Error detection/correction and fault detection/recovery – Pulse or data error handling – Error count or rate
Reexamination Certificate
1999-03-22
2001-01-30
De Cady, Albert (Department: 2784)
Error detection/correction and fault detection/recovery
Pulse or data error handling
Error count or rate
Reexamination Certificate
active
06182252
ABSTRACT:
FIELD OF THE INVENTION
This invention relates generally to methods of data communication and, more particularly, to a method and system for facilitating efficient, high-volume data transport.
BACKGROUND OF THE INVENTION
The operation of industrial equipment such as assembly lines, machine tools and processing equipment is often governed by an automation controller in accordance with a stored program. In conventional automation controllers, the control program is stored in a memory and includes instructions which are read out in rapid sequence and executed to examine the condition of selected sensing devices on the controlled equipment, or to energize or de-energize selected operating devices on the controlled equipment contingent on the status of one or more of the examined sensing devices.

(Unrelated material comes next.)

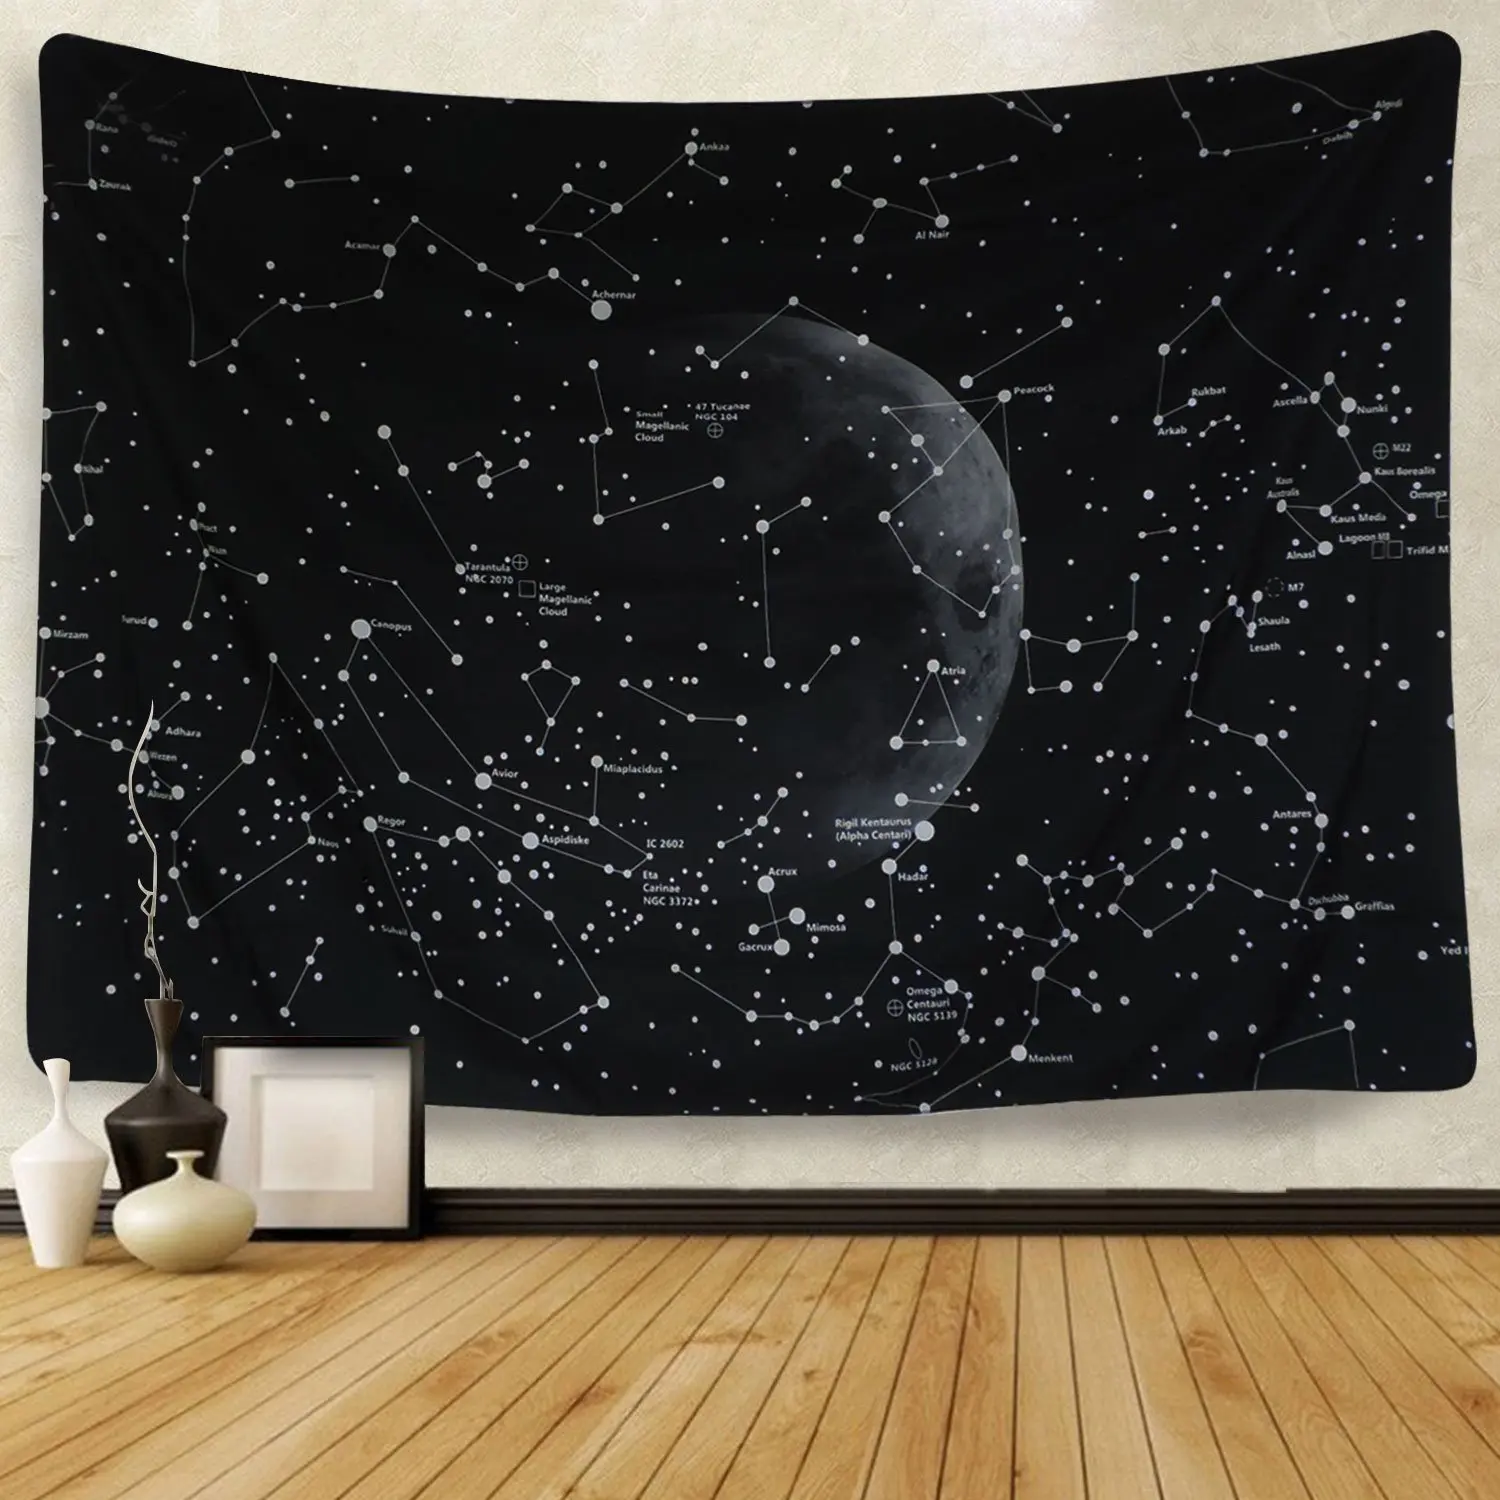 Гобелен с рисунком звездного неба, Галактическая планета, настенный гобелен с созвездием, богемский настенный гобелен, черный чехол на кровать, диван-одеяло

Large controllers typically consist of a number of modules with different functions assigned to each module. For example, one module may execute the user control program, another may interface the controller to the remote sensing and operating devices, and yet another module may control communications with a host computer via a local area network. This arrangement permits one or more human operators to monitor and control an industrial process via computer workstations.
When a computer workstation in an industrial control system is initialized, it may become a “subscriber” to measurements provided by a number of different sources. Each measurement source with which the workstation is associated as a subscriber will typically provide a current measurement value, and will subsequently transmit an updated value in response to each change in the measured parameter. A measurement source will often supply more than a single type of measurement to a given subscriber (i.e., destination workstation). For example, the temperature and water level of a water tank could be provided by a single measurement source and delivered to the same subscriber.

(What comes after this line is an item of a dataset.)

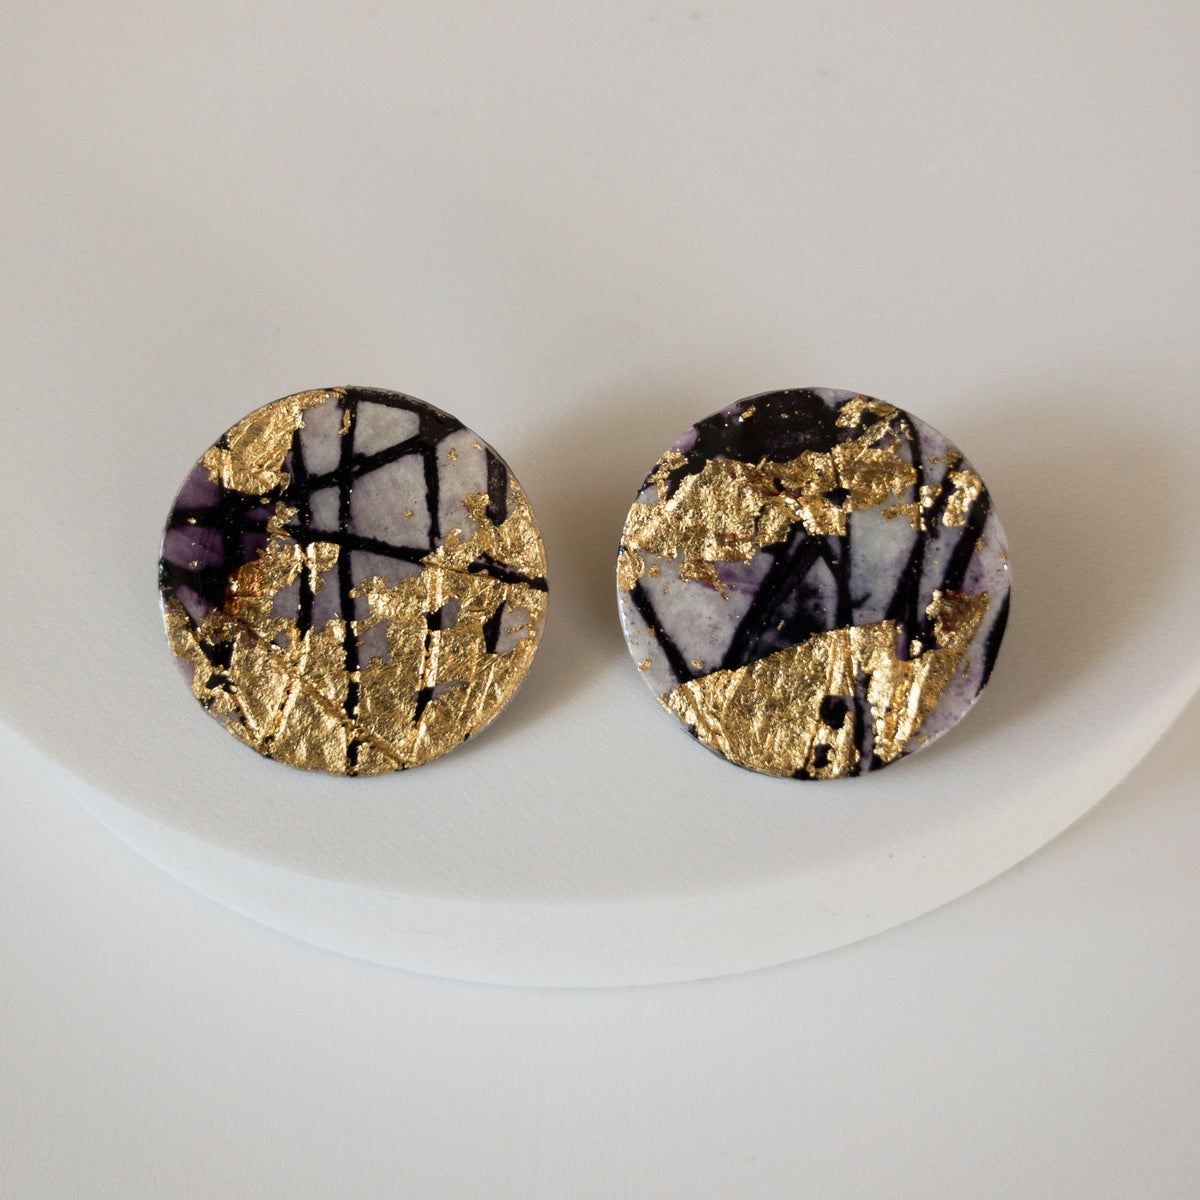 Ró sgraffito earrings in gold/black

In order to make efficient use of available data transport bandwidth, multiple measurements are commonly bundled together into packets. In accordance with certain data transport protocols, a measurement source will buffer measurement data until either a complete packet is ready for transmission to the same subscriber, or until the first buffered measurement has been held in excess of a predefined time period. When a packet is eventually sent to a subscriber, the measurement source waits for an acknowledgement from the subscriber prior to sending additional packets. That is, additional measurements are not sent to the subscriber between the time at which a packet is sent until receipt of an acknowledgement. This results in relatively inefficient use of available transport bandwidth, since some waiting period occurs following the sending of each packet. In addition, the waiting period increases the average latency (i.e., the average elapsed time between the taking of a measurement and subsequent delivery of measurement data) associated with the transport of measurement data to a subscriber.
Another consideration in the design of current industrial control systems is the potential for the flow of high volumes of data and message traffic between modules. For example, in particular control systems a temperature reading may be transmitted from its source to multiple computer workstations for real-time display. A human operator may be similarly presented with real-time data from hundreds of sensors distributed throughout a factory. In addition, certain applications may be required to subscribe to and effect centralized processing of sensor data originating from numerous local and geographically distant sources.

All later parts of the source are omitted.